On Wed, Feb 20, 2019, 21:31 bthiruv notifications@github.com wrote:

The GATK vcf - Input vcf (sample order is mother, father, child) - chr1 111152316 . A G 804.97 PASS AC=2;AF=0.250;AN=8;BaseQRankSum=-3.420e-01;ClippingRankSum=0.00;DP=134;ExcessHet=3.6798;FS=0.000;MLEAC=2;MLEAF=0.250;MQ=60.00;MQRankSum=0.00;QD=13.88;ReadPosRankSum=0.662;SOR=0.650;VQSLOD=21.25;culprit=MQ GT:AD:DP:GQ:PGT:PID:PL 0/0:37,0:37:99:.:.:0,101,1093 0/0:38,0:38:33:.:.:0,33,495 0/1:16,10:26:99:0|1:111152316_A_G:388,0,974

I don't have the bcf, but from the dng-dnm output, the DP is close enough.

— You are receiving this because you commented.

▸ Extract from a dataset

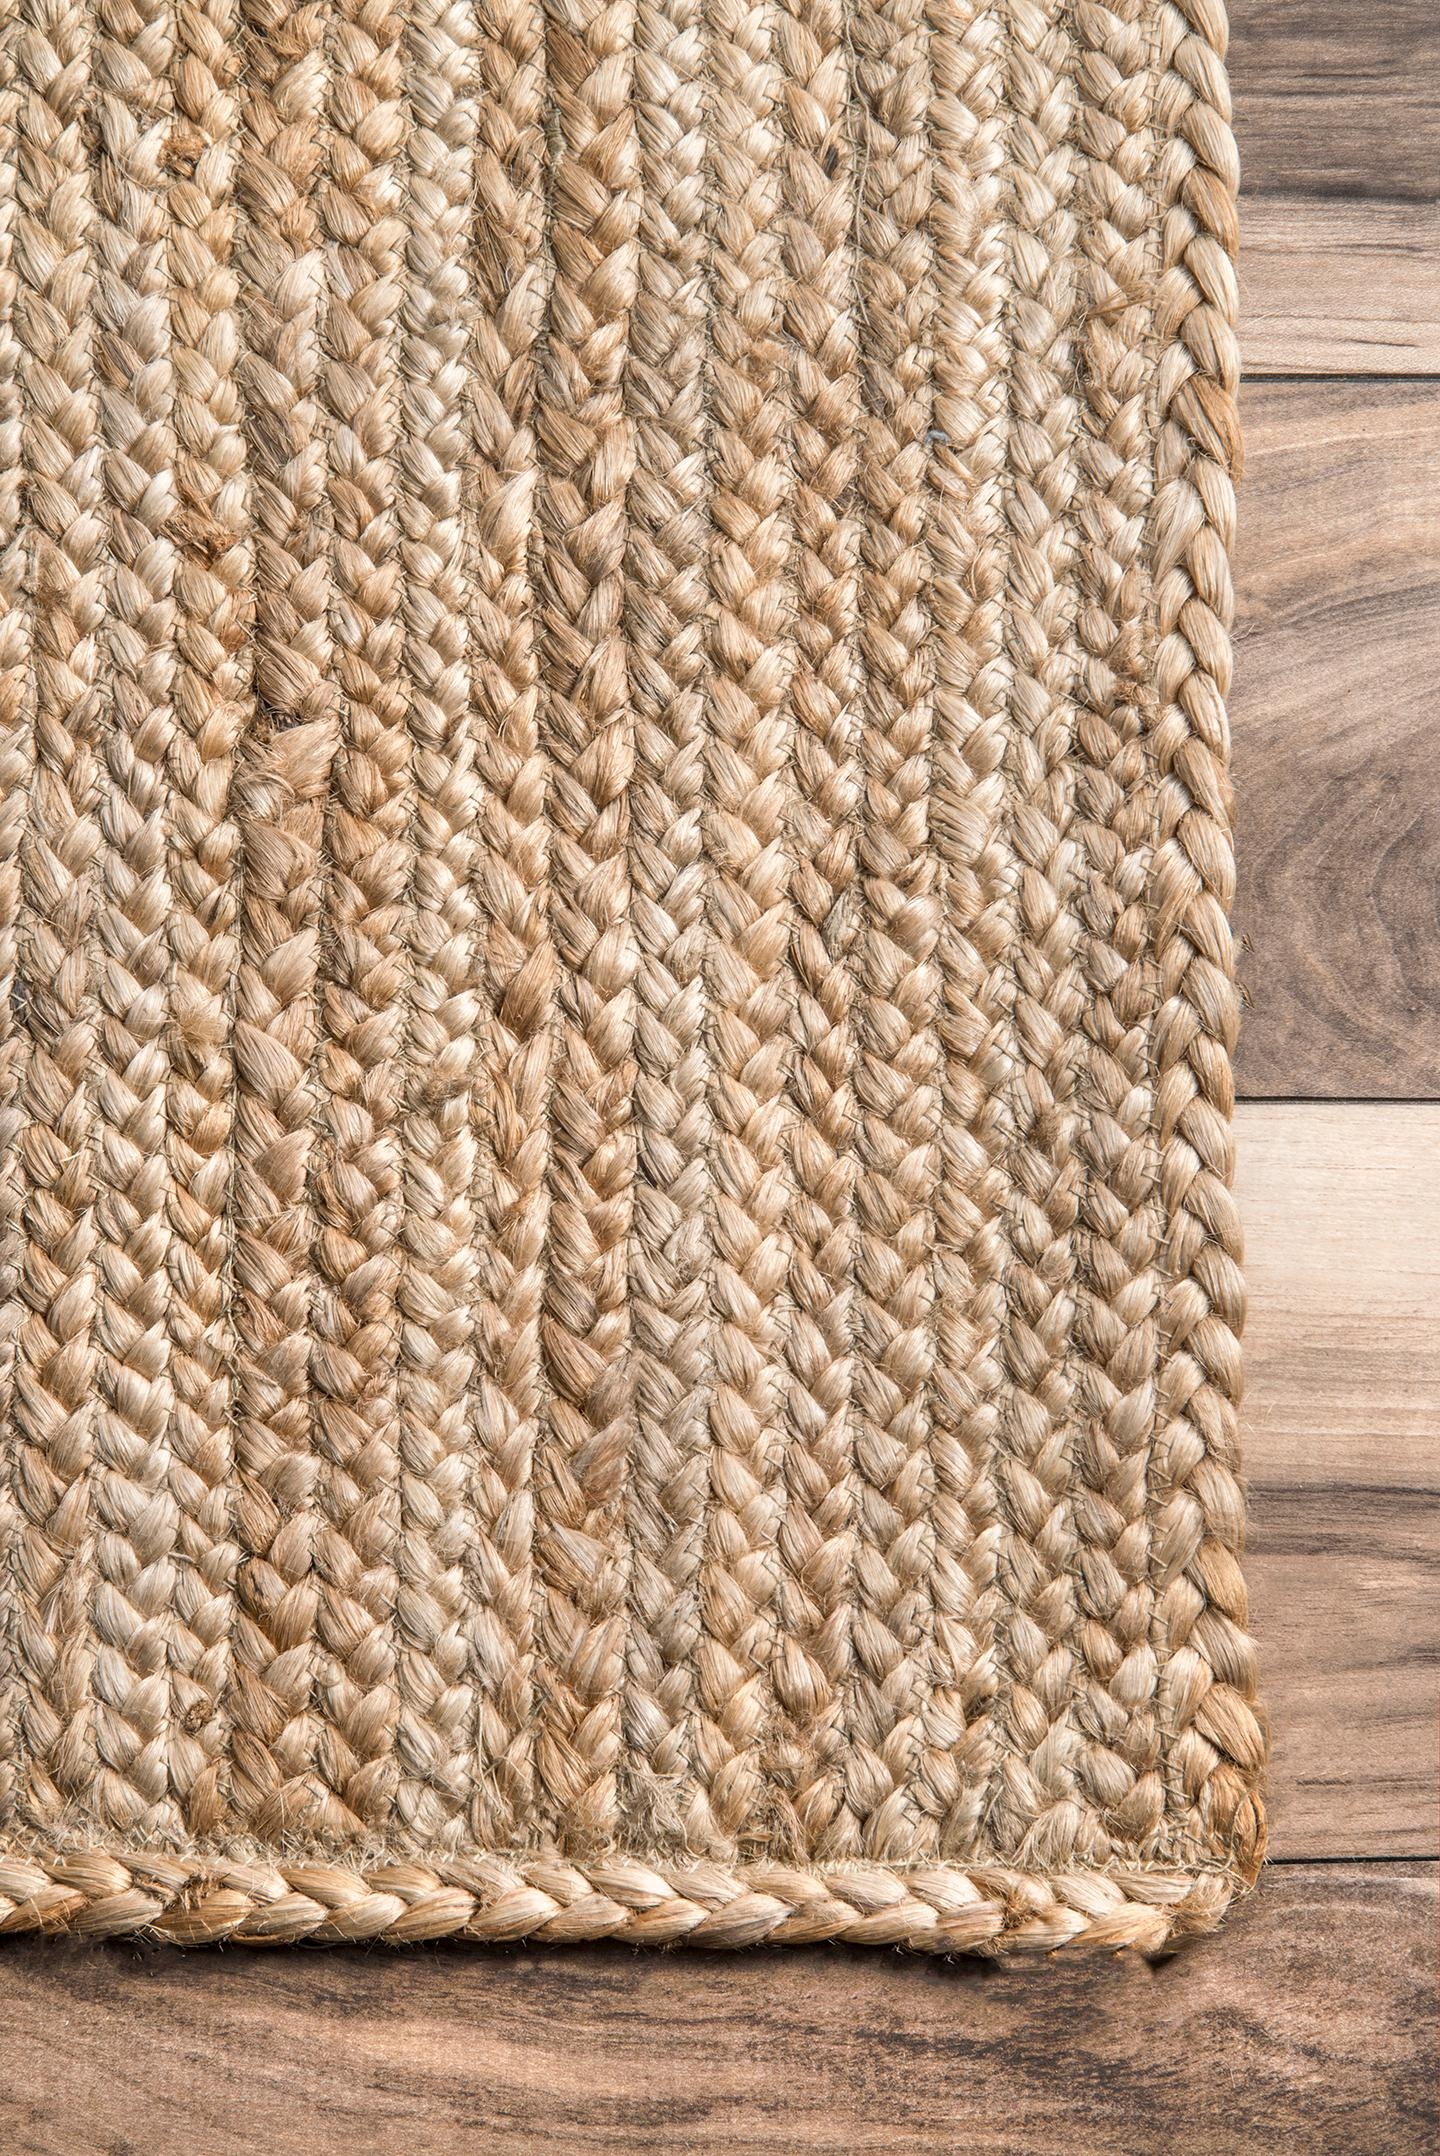 Hand Woven Rigo Jute rug Area Rug, 10' x 14', Tan - Image 2

Reply to this email directly, view it on GitHub https://github.com/denovogear/denovogear/issues/297#issuecomment-465858169, or mute the thread https://github.com/notifications/unsubscribe-auth/AAGOHiF5o_p6ZAPAcF-Dsw1n6QzzFadoks5vPiEagaJpZM4bGn6E .

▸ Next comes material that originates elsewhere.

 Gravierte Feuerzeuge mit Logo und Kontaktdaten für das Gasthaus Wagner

bthiruv commented 5 years ago

The PL for the site from GATK is - the parents - genotype 0/0 is 0,101,1093 and 0,33,495 the child - genotype 0/1 is 388,0,974.

AD for parents is 37,0 and 38,0 and for the child is 16,10.

Would this be a low confidence site?

bthiruv commented 5 years ago

The SNPcode and code is different for GATK vcf and mpileup bcf as input. Not sure how to interpret the code.

reedacartwright commented 5 years ago

Can you try the develop branch to see if it does the same thing?

On Wed, Feb 20, 2019, 21:45 bthiruv notifications@github.com wrote:

The SNPcode and code is different for GATK vcf and mpileup bcf as input. Not sure how to interpret the code.

— You are receiving this because you commented. Reply to this email directly, view it on GitHub https://github.com/denovogear/denovogear/issues/297#issuecomment-465860231, or mute the thread https://github.com/notifications/unsubscribe-auth/AAGOHi_eF1vKdfxaIqoue2hpQIKy40TTks5vPiRSgaJpZM4bGn6E .

bthiruv commented 5 years ago

Sure, will try that. And also generate the mpileup vcf.